* [TO DO]: What you return must match the data below exactly, minus any pictures.

* [GIVEN DATA]:

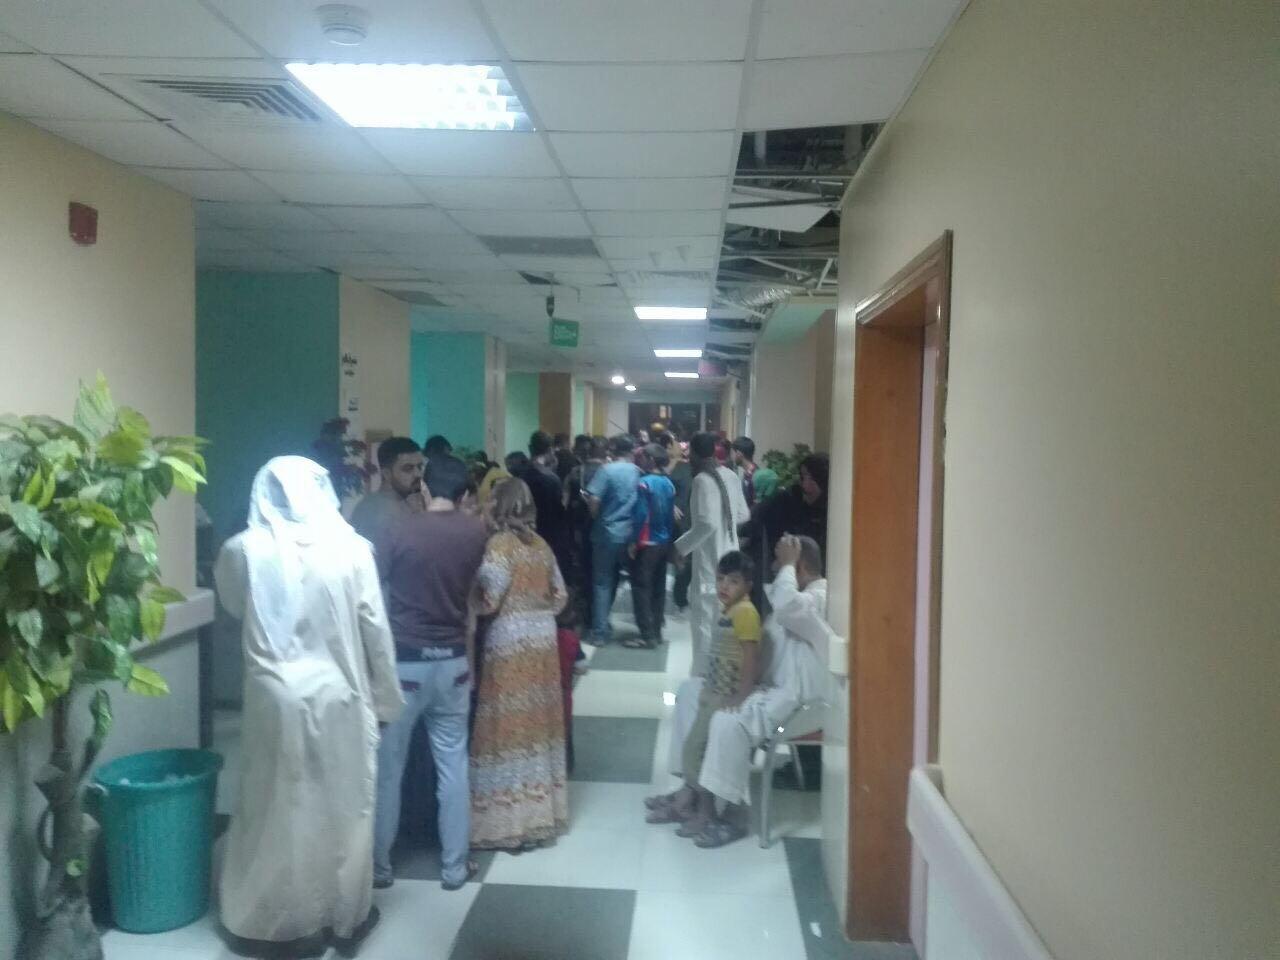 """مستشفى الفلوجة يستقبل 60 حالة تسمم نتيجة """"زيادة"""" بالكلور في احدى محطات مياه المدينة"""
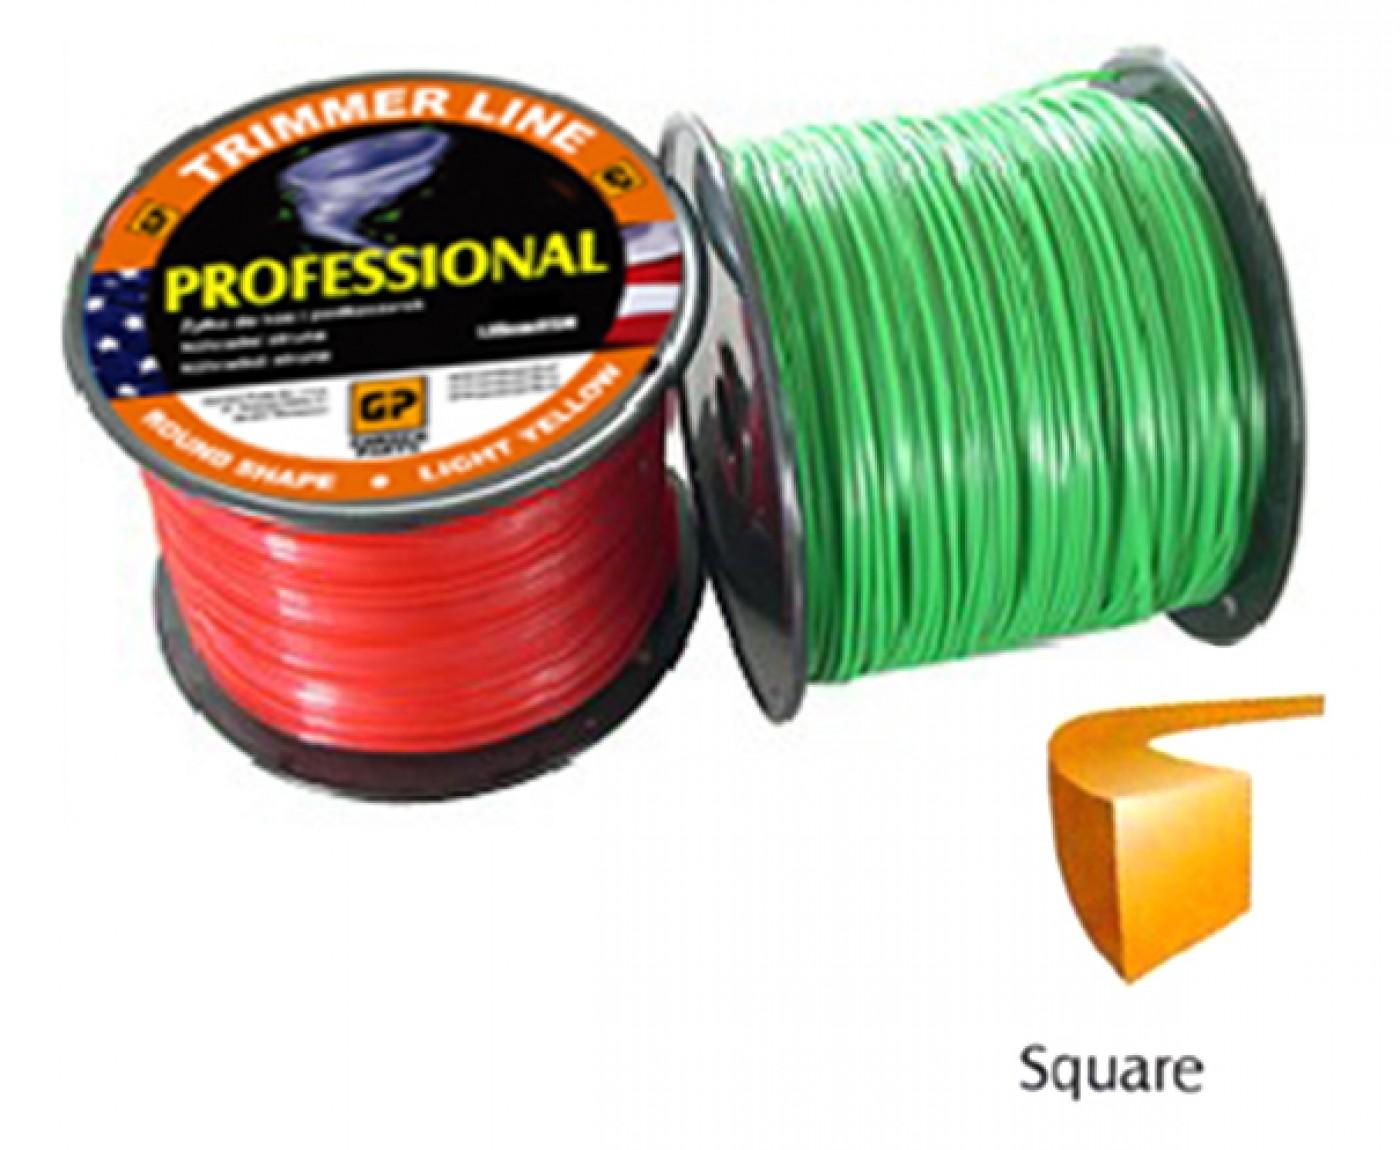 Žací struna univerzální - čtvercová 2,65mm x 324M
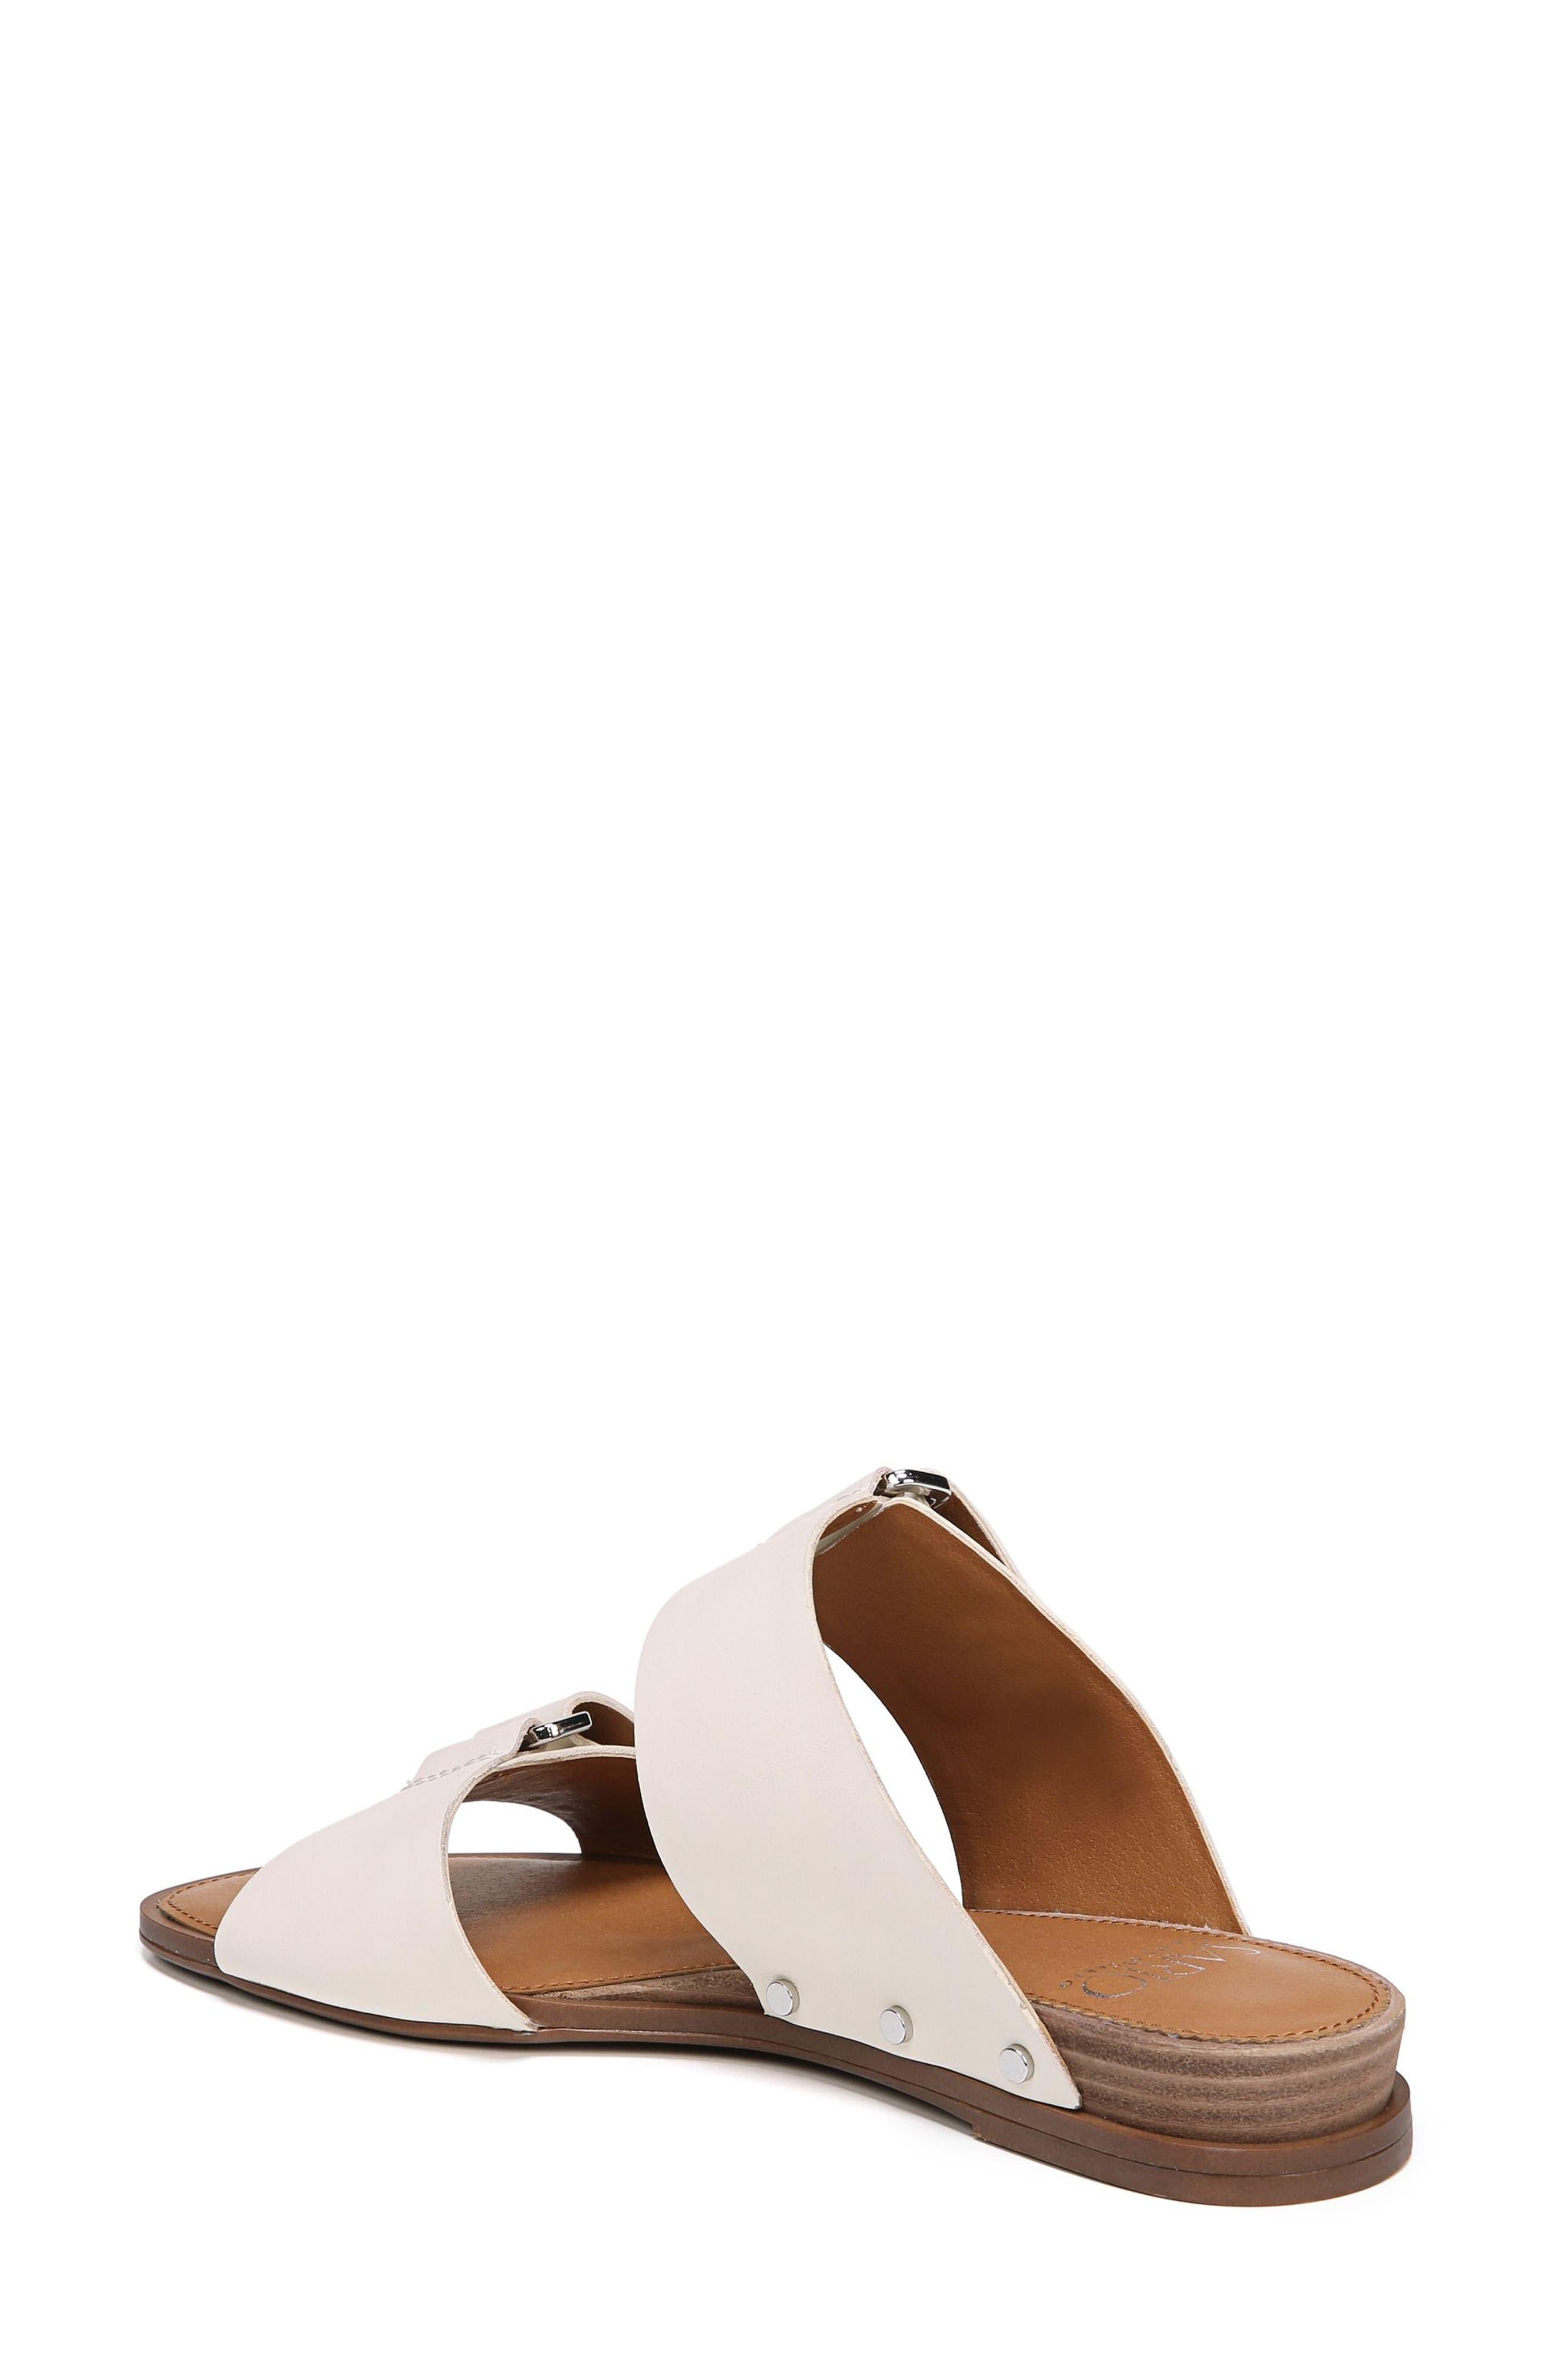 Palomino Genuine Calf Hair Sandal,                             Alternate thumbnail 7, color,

* [RESULT OF THIS EXERCISE]:
 """مستشفى الفلوجة يستقبل 60 حالة تسمم نتيجة """"زيادة"""" بالكلور في احدى محطات مياه المدينة"""
 Žací struna univerzální - čtvercová 2,65mm x 324M
 Palomino Genuine Calf Hair Sandal,                             Alternate thumbnail 7, color,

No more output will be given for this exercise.